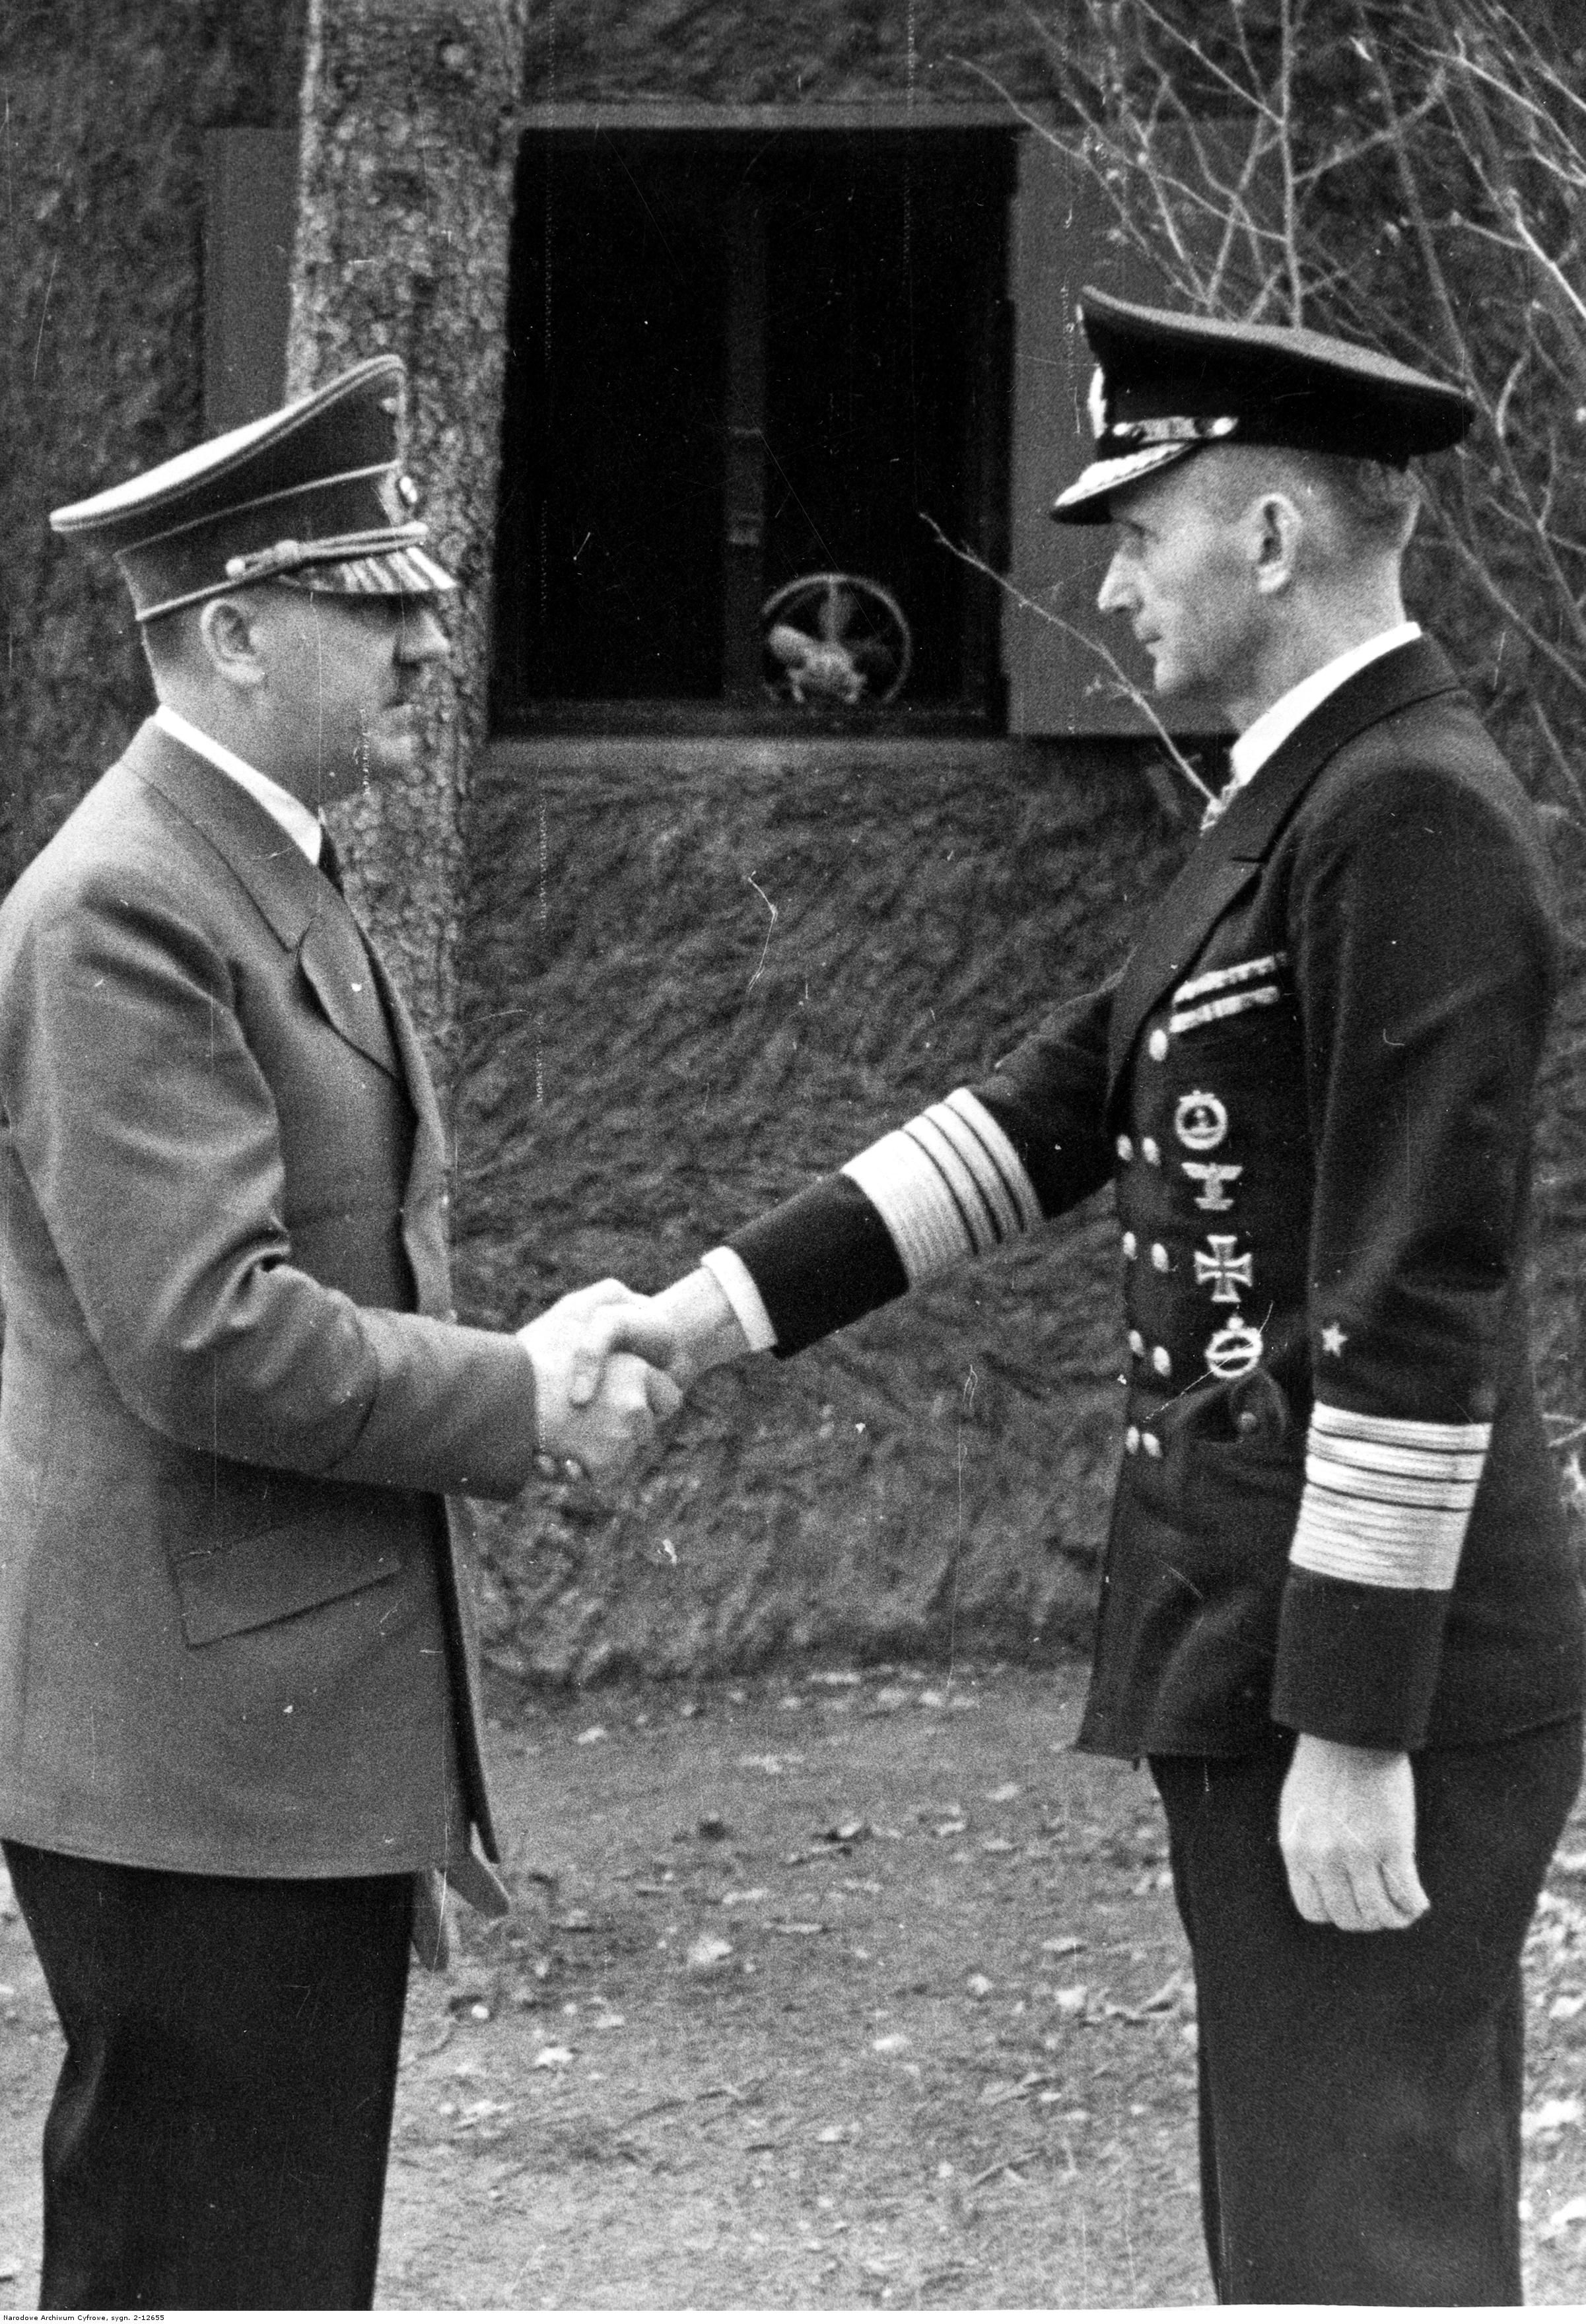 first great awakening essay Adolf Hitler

--------------------------------------------------

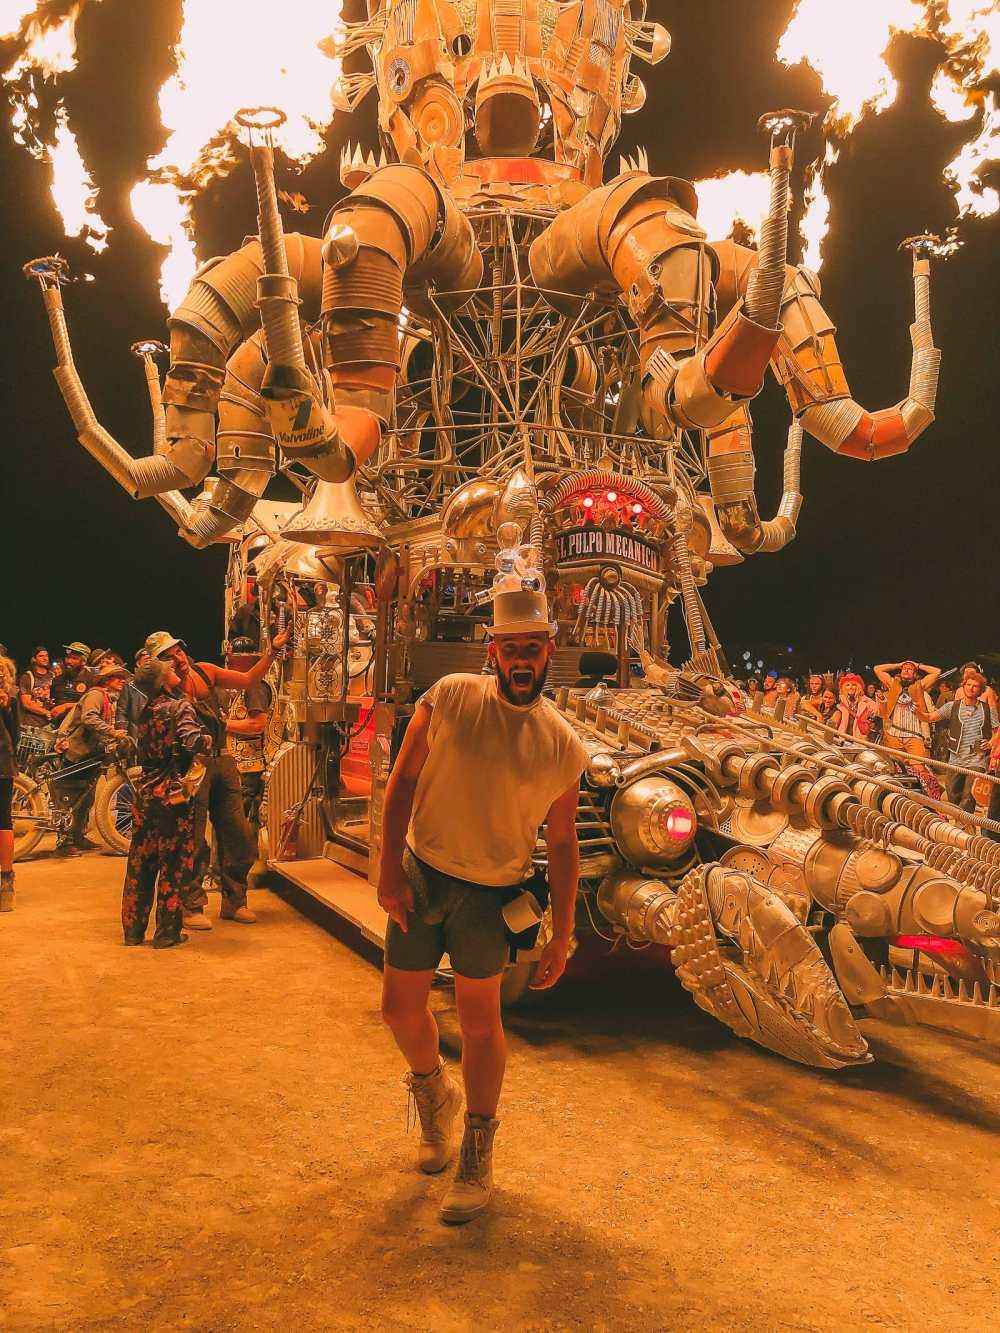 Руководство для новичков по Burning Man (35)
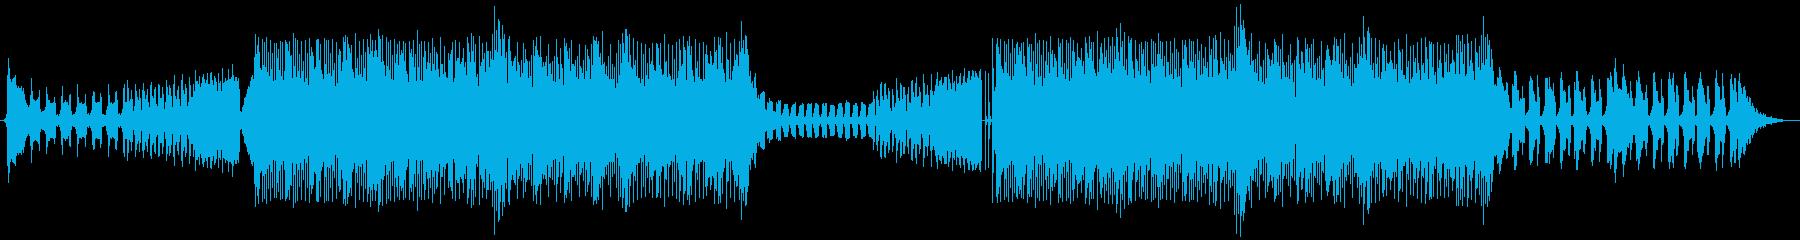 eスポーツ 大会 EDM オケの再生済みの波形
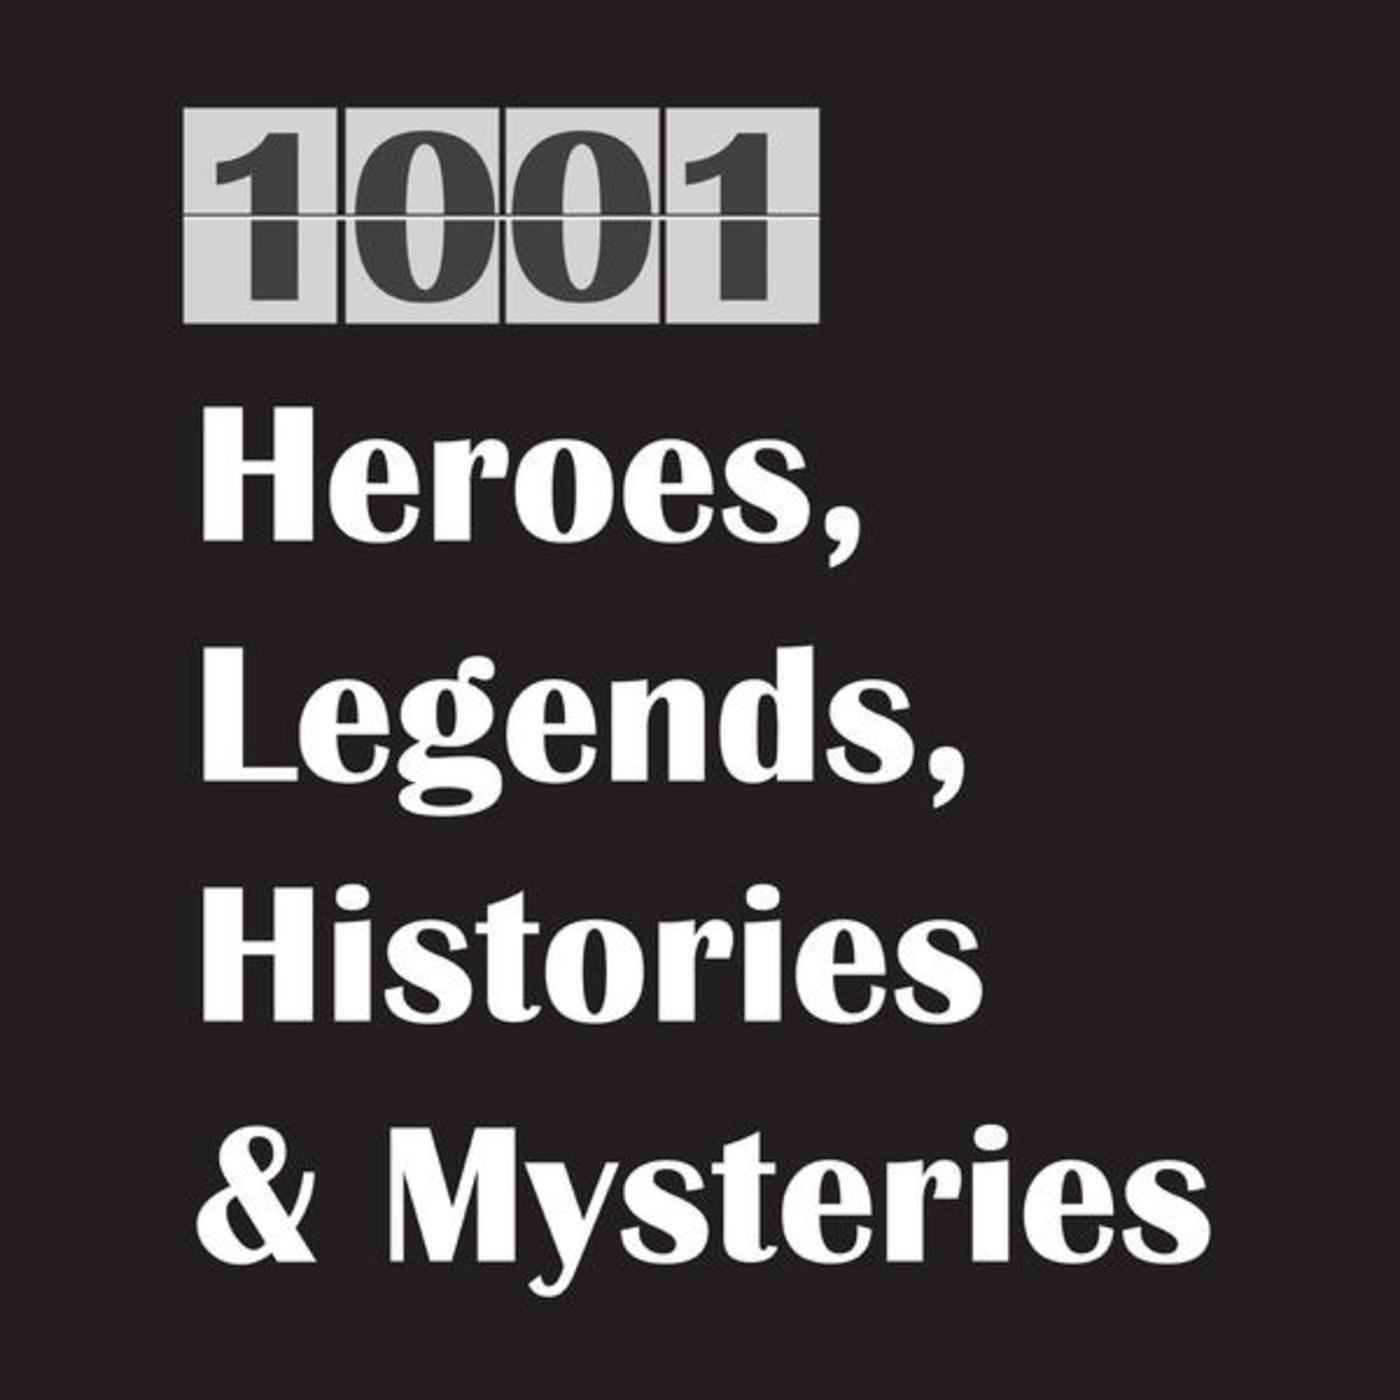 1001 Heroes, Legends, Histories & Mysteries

--------------------------------------------------

_Required action_
Leave out the images and write out the lines above exactly, from the one with "eスポーツ 大会 EDM オケの再生済みの波形" up to and including the one with "1001 Heroes, Legends, Histories & Mysteries".

_Result_
 eスポーツ 大会 EDM オケの再生済みの波形
 1001 Heroes, Legends, Histories & Mysteries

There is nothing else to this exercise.